Synthesis of α-Fe2O3 Sphere/Rod-Like Nanostructure via Simple Surfactant-Free Precipitation Route: Optical Properties and Formation Mechanism.

Abstract

Sphere/rod-like α-Fe2O3 nanostructure were successfully synthesized by simple surfactant-free precipitation route. The as-prepared samples were characterized by X-ray powder diffraction (XRD) to determine the phase purity and the crystal structure. The lattice parameter and crystallite size of the samples have been calculated from the Rietveld analysis.

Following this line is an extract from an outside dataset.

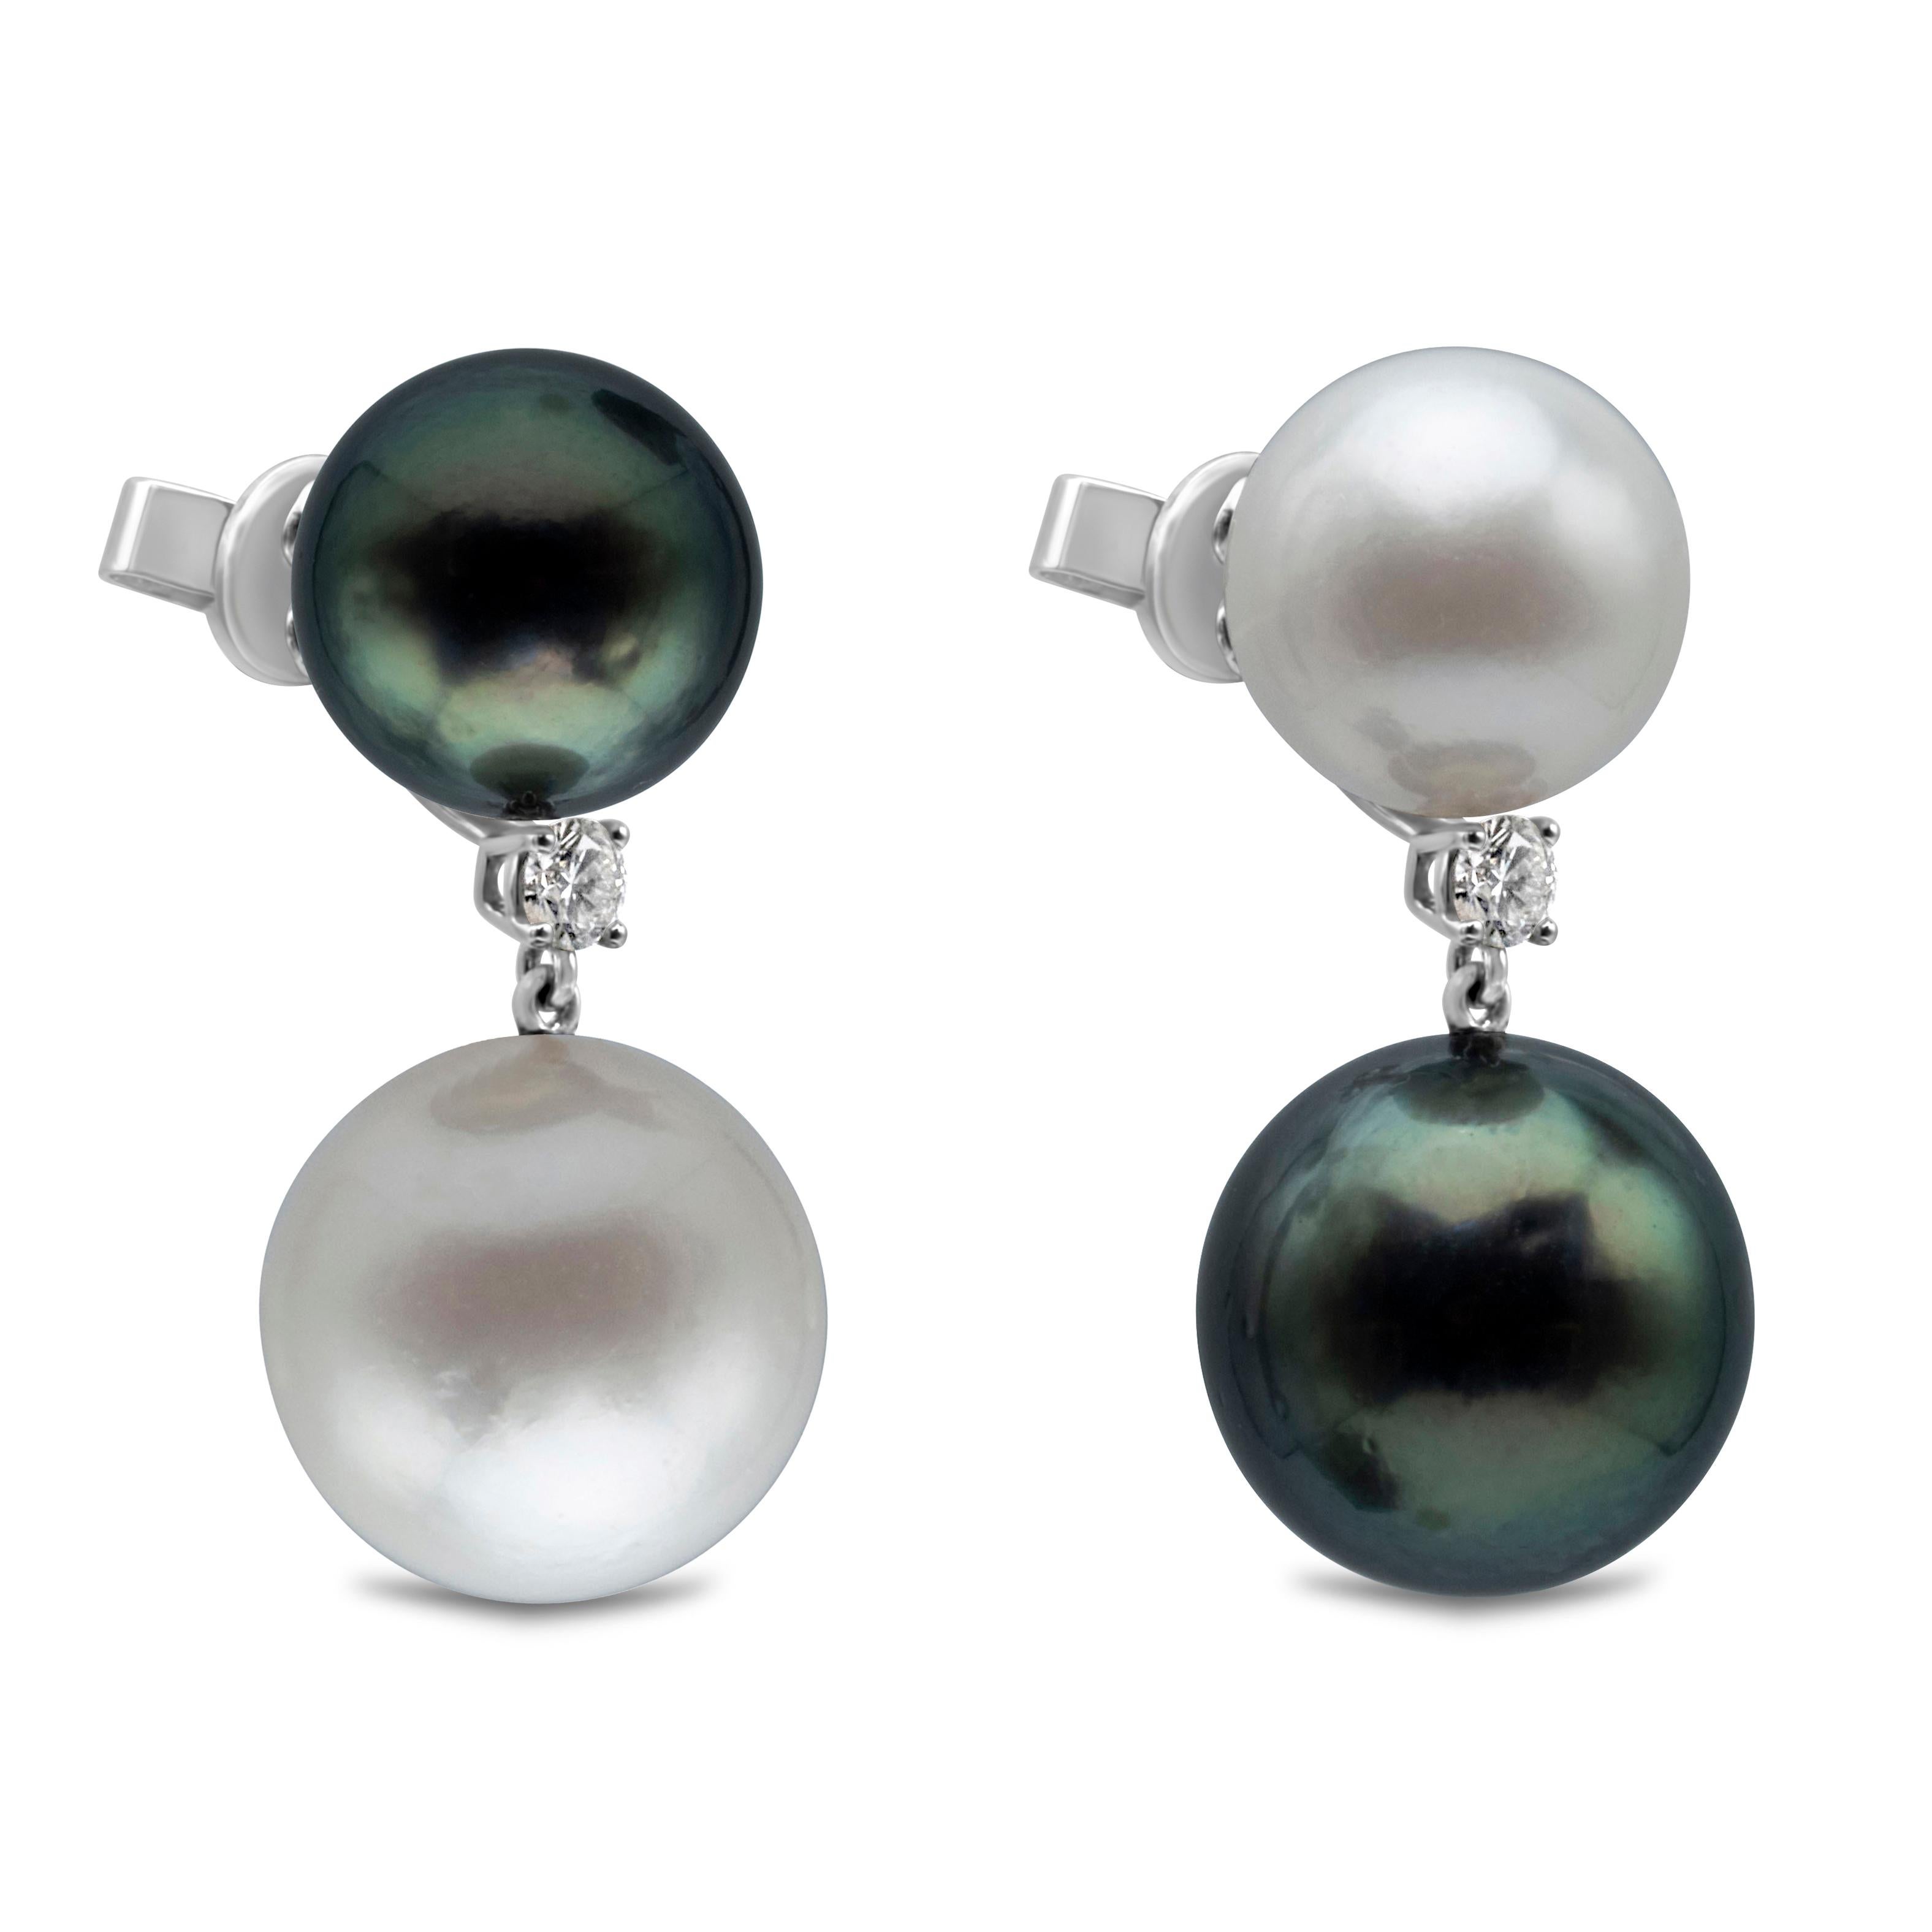 A lustrous dangling pair of pearl earrings showcasing South Sea and Tahitian Pearls, 11-14mm in diameter. Amazingly matched pearls are suspended in a single round diamond weighing 0.25 carats. Made in 18k White Gold. 

Style available with matching

The crystallite size has been compared by Scherrer's formula and Rietveld method and both method showed increase of the grain size with the increase of the calcined temperature. The crystallite size was in the range of 5-30 nm. The high resolution scanning electron microscopy (HR-SEM) analysis of the samples shows that the morphology of the nanostructures changed from nanospheres into nanorods and it was confirmed by high resolution transmission electron microscopy (HR-TEM). Energy dispersive X-ray (EDX) analysis reveals the presence of O and Fe elements only. The optical properties of the as-prepared nanostructures were determined by photoluminescence (PL) spectra. The band gap energy was investigated by UV-Visible diffuse reflectance spectra (DRS) and calculated by means of the Kubelka-Munk method. The band gap values are decreased from 2.26 eV to 2.17 eV as the temperature increased from 300 degrees C to 400 degrees C with increasing the crystallite size. A Vibrating Sample Magnetometer (VSM) was used to study the magnetic properties of iron oxide (α-Fe2O3) nanostructures. Magnetic hysteresis (M-H) loops revealed that the as-prepared α-Fe2O3 samples displayed ferromagnetic behavior.